この一年は、新型コロナウイルス感染症(COVID-19)が世界を席巻した。しかし、そうした中でも、従来からのESG(Environmental, Social, and Governance)や SDGs(Sustainable Development Goals)への関心が低下することはなかったといえる。

とりわけ、日本の金融業者にとって、潜在的な懸案事項となっているのが、EU(欧州連合)のSFDR(EU Regulation on Sustainability related Disclosures in the Financial services sector)である。これは、EUの資産運用会社等を対象としたサステナビリティ関連の開示規制であり、「サステナビリティへの悪影響の開示」(事業体レベル)、サステナビリティ関連の「契約前開示(交付目論見書)」・「ウェブ開示」・「定期報告(アニュアルレポート)」(以上、商品レベル)を求めている(※1)。

なぜ、EUのルールであるSFDRが、日本の金融業者の懸案事項となるのか?それは、EUの資産運用会社等から運用の再委託を受ける場合、SFDRの遵守に必要な情報提供を求められる可能性があるためである。

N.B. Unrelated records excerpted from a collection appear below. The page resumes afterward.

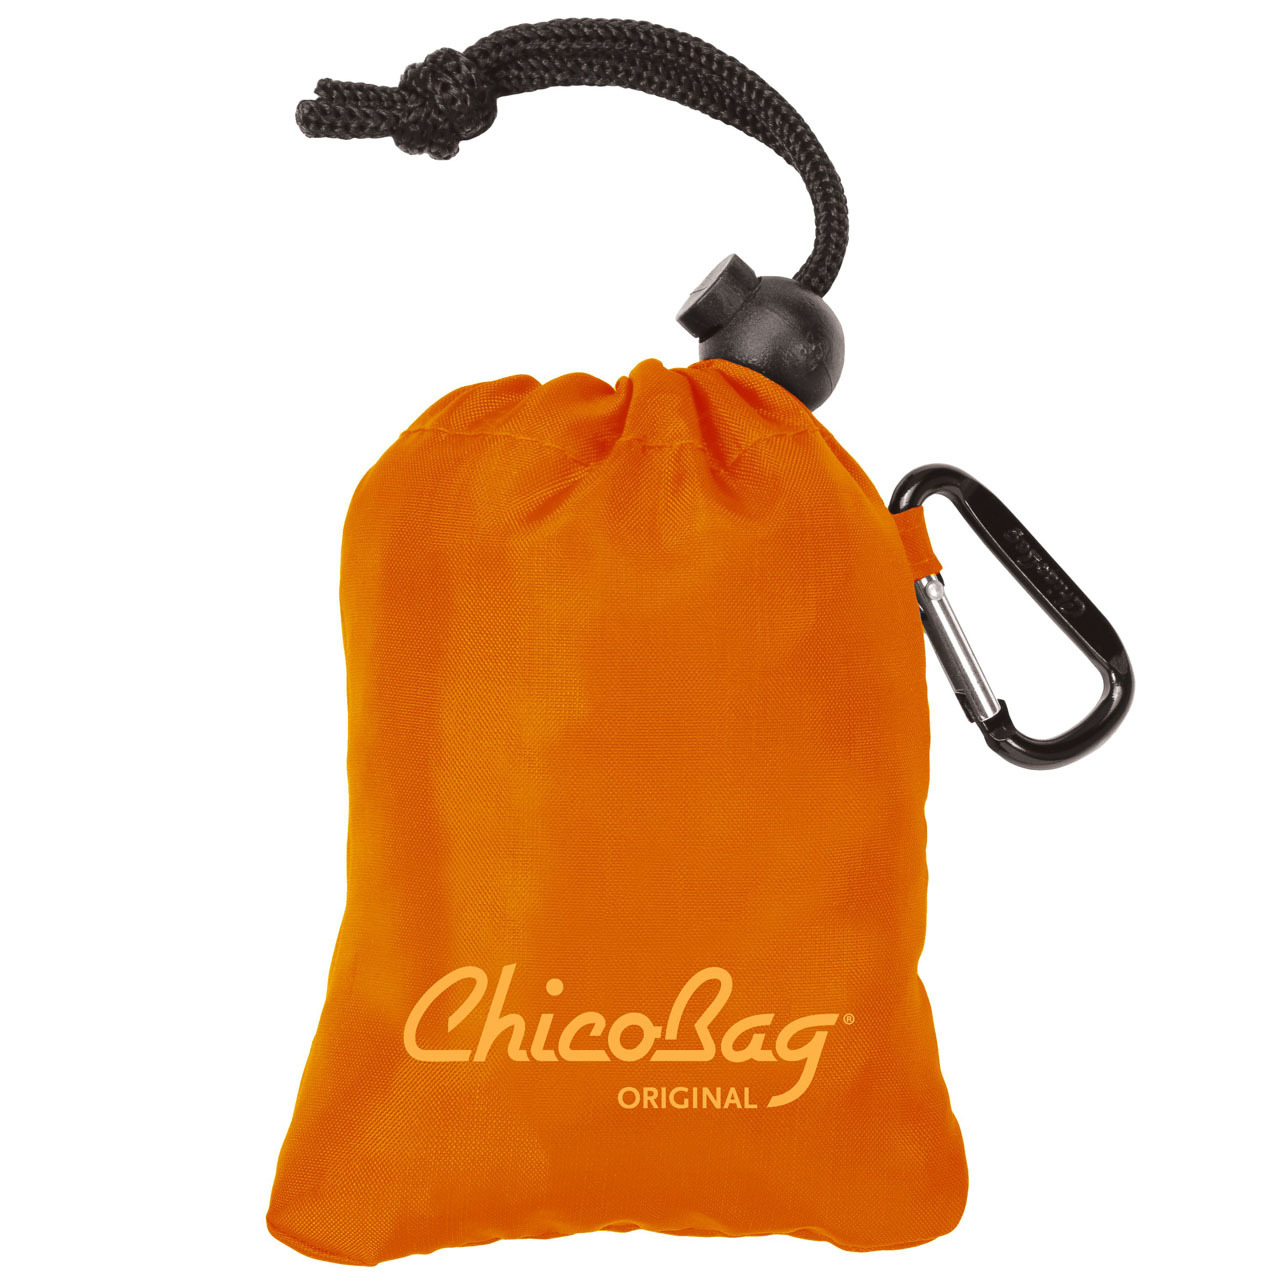 ChicoBag Original [チコバッグ] [19430020]_f0051306_11213042.jpg
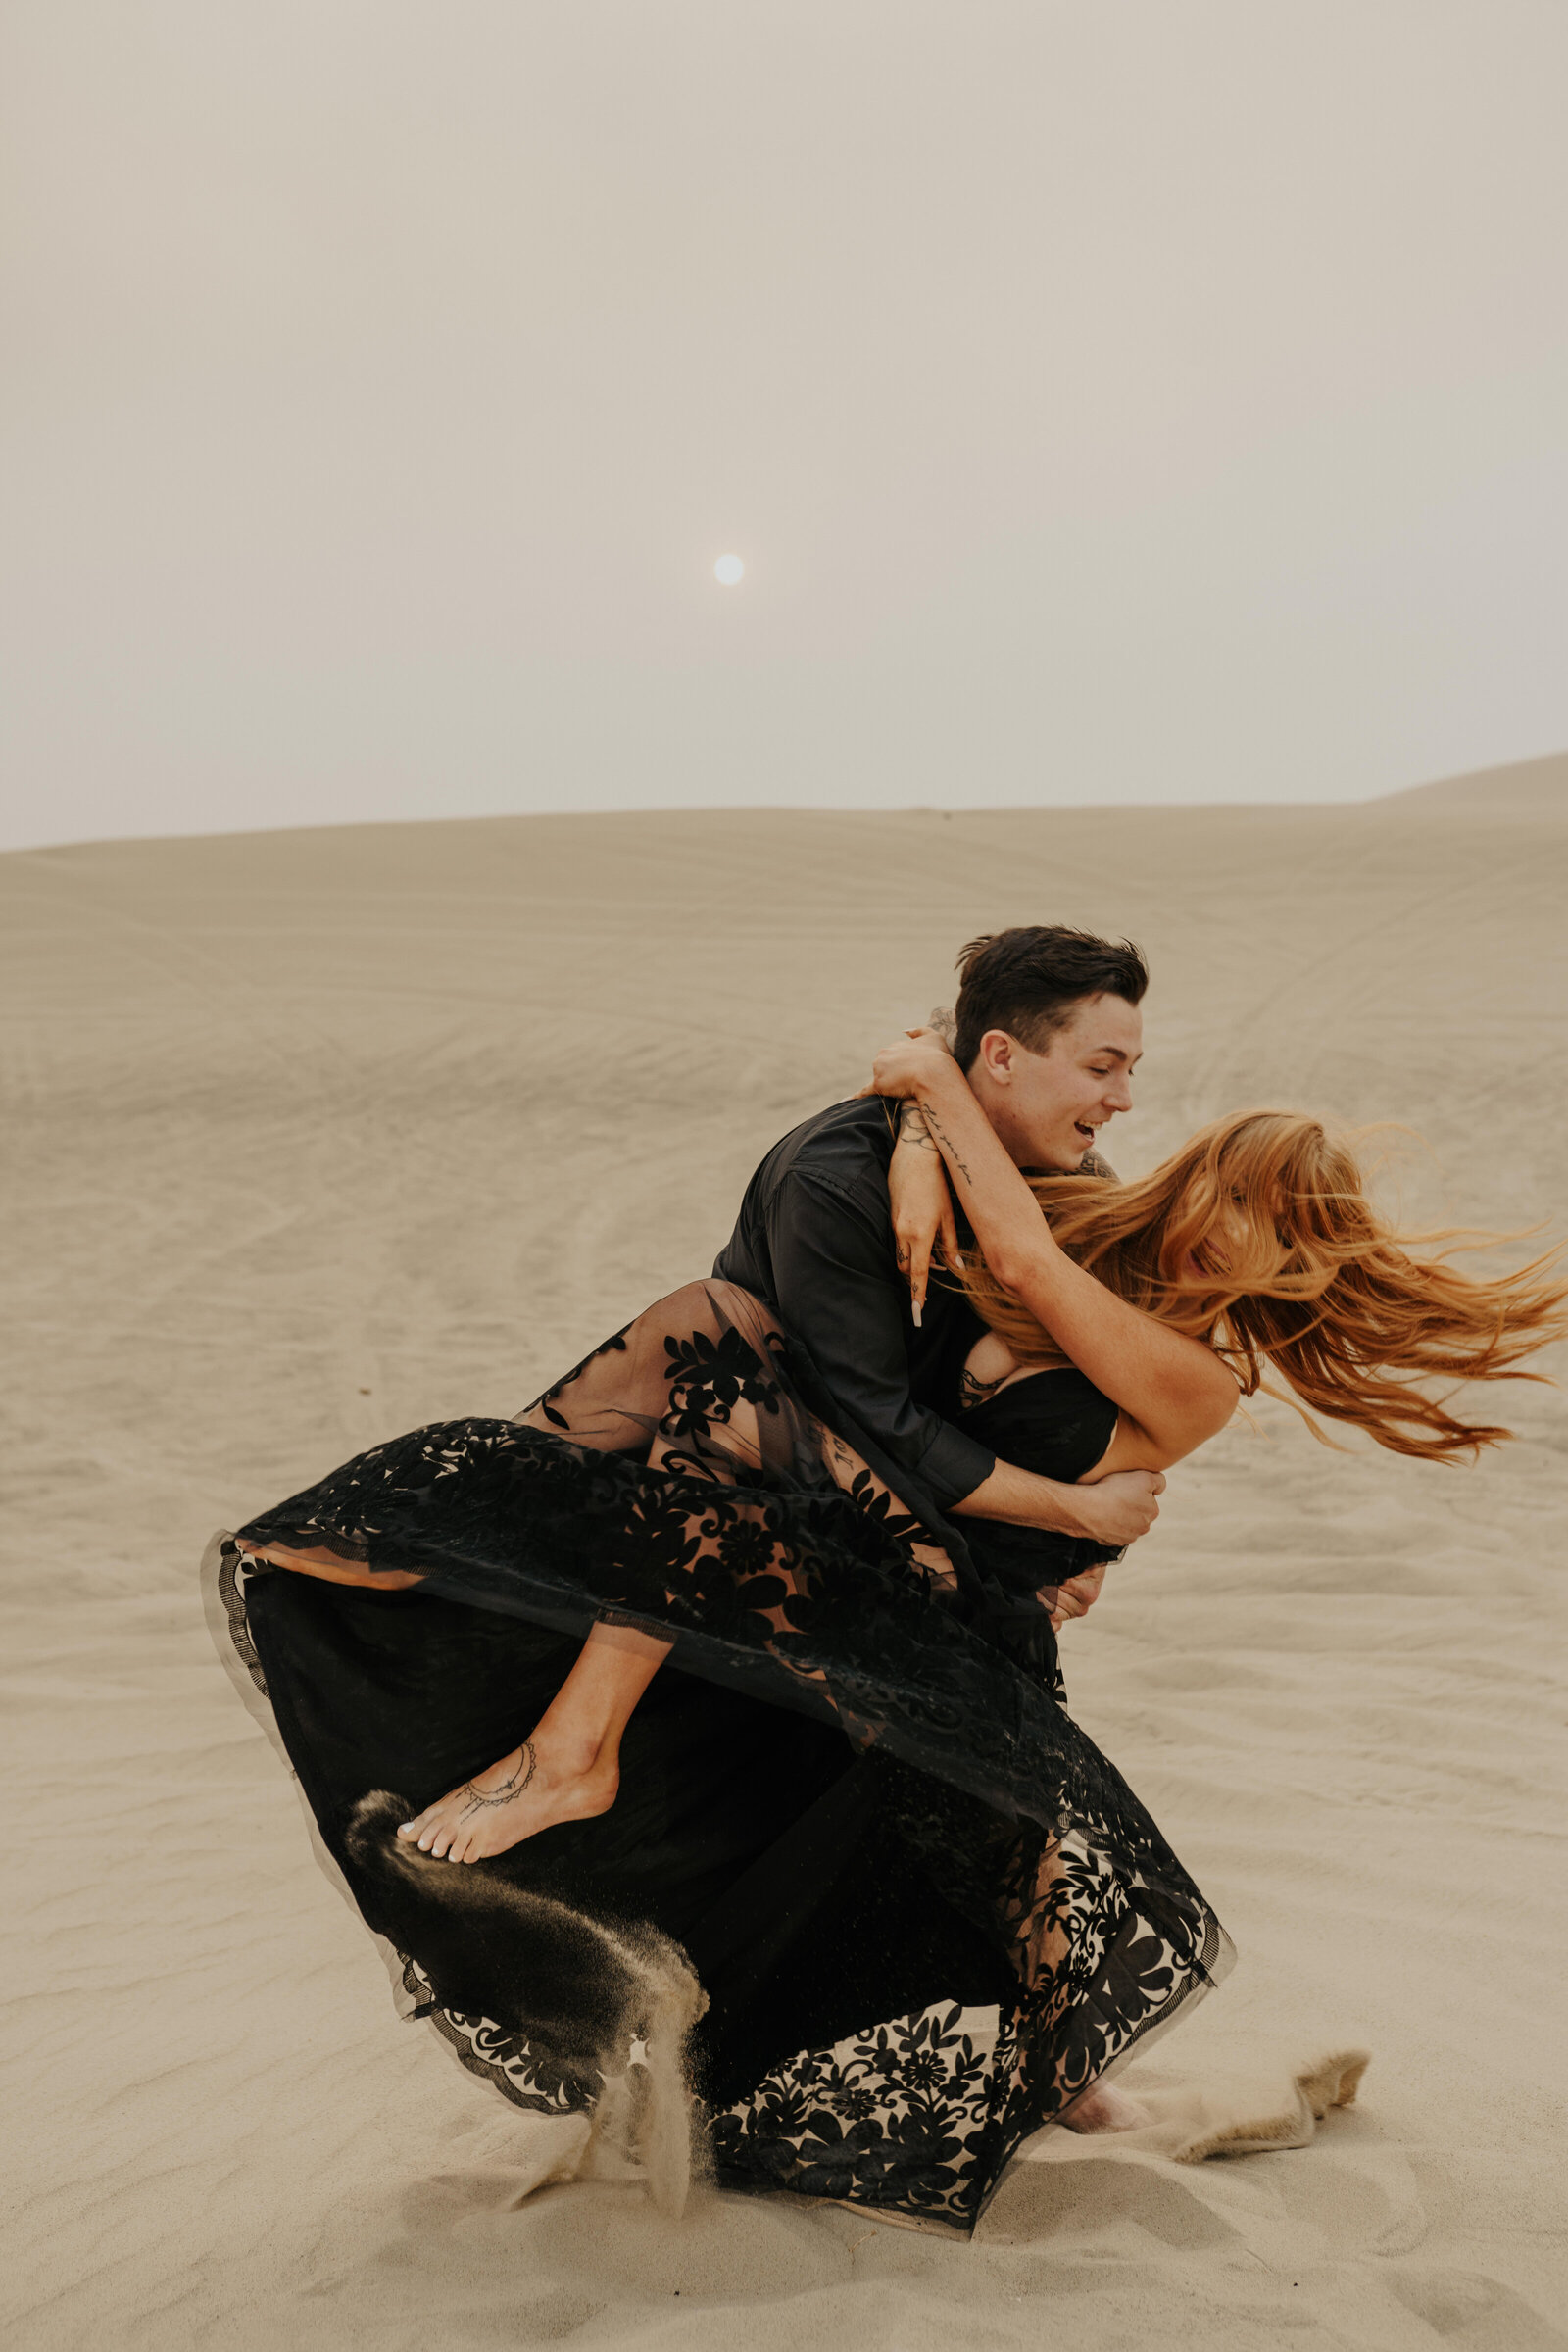 Sand Dunes Couples Photos - Raquel King Photography26
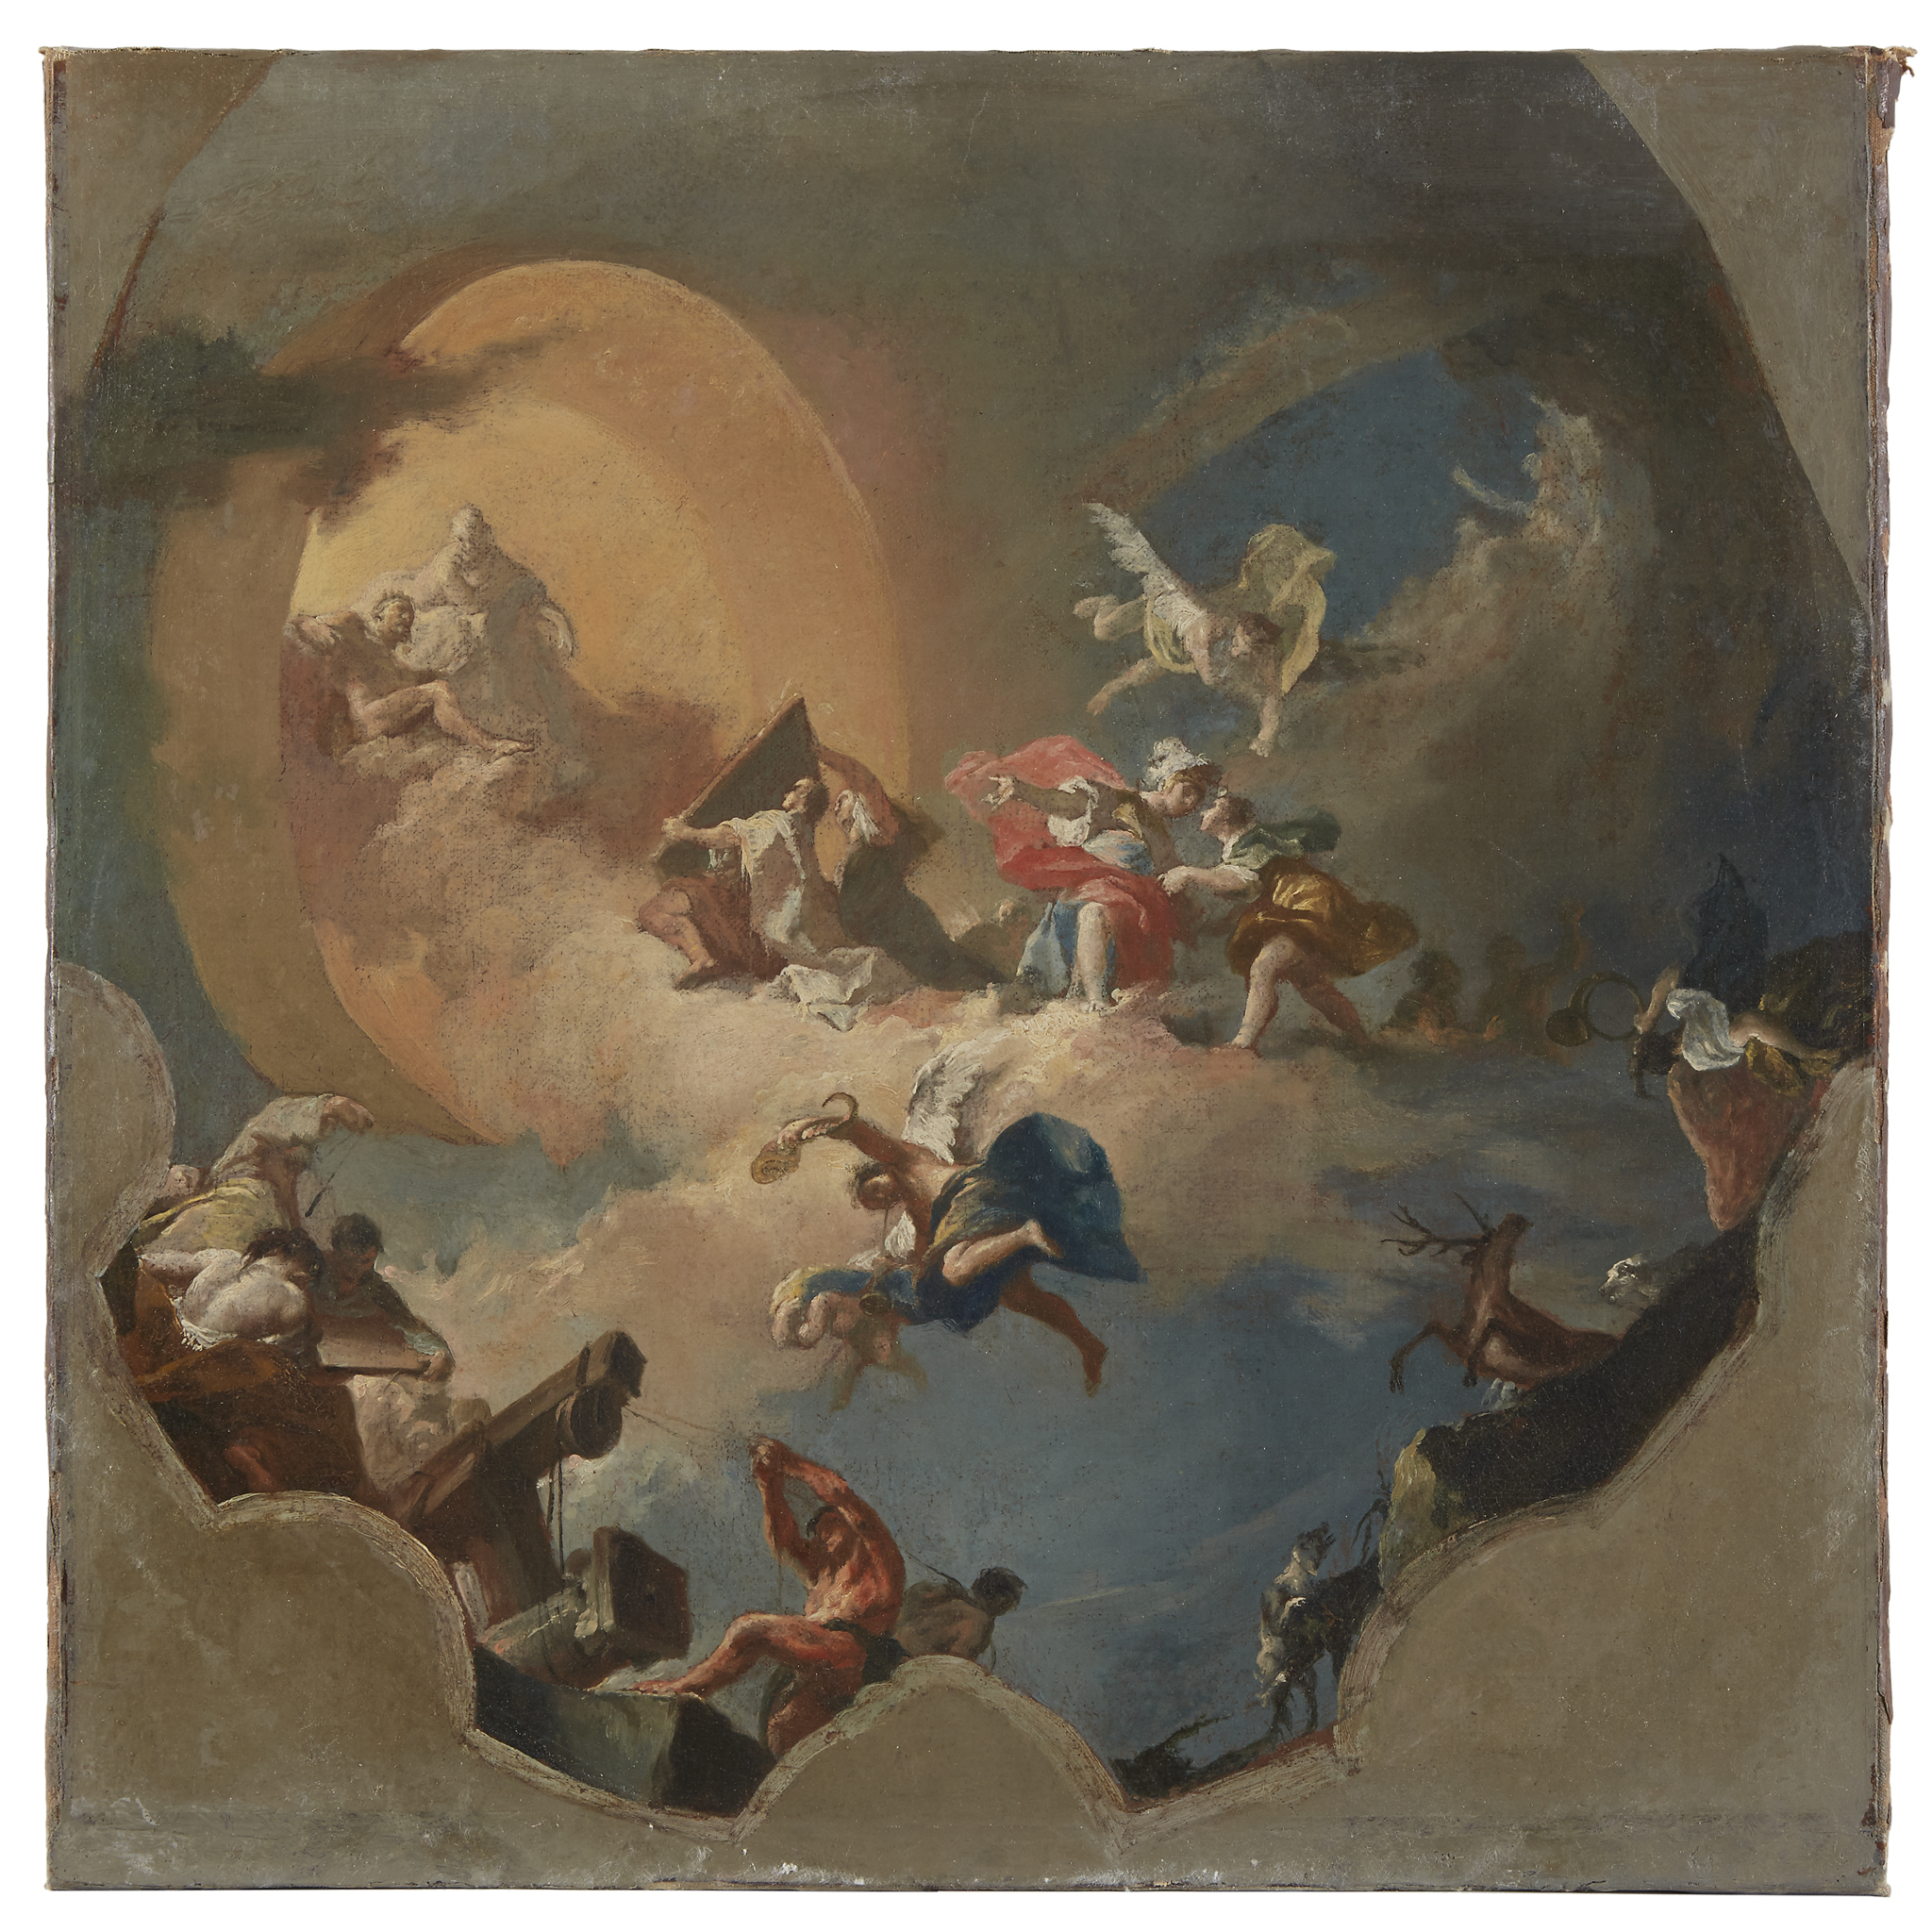 Attributed to Giovanni Battista Tiepolo (Italian, 1696-1770) The Apotheosis of the Arts (A

そこで真っ先に思い立つのが、「2021年3月10日」という、すでに過ぎた日付である。これは、SFDRの最速の適用開始日である(※2)。この期日は、2019年12月9日に公表されたSFDRの「本則」に定められている。従って、EUの資産運用会社等と関わりを有する日本の金融業者は、いつ何時、「SFDR対応」を求められてもおかしくない状況にある。

もっとも、先月、EUより、SFDRの適用のタイミングについて、「先送り」を示唆する情報が出ている。

SFDRは、具体的な開示項目や開示フォーマットを、欧州委員会が採択する「細則」に委ねている。「細則」は、EUの銀行・証券・保険の監督当局(ESAs: European Supervisory Authorities)が協同でドラフトを作成する。ESAsは、「細則」のドラフトを2020年中に欧州委員会に提出すべく、準備を進めてきた。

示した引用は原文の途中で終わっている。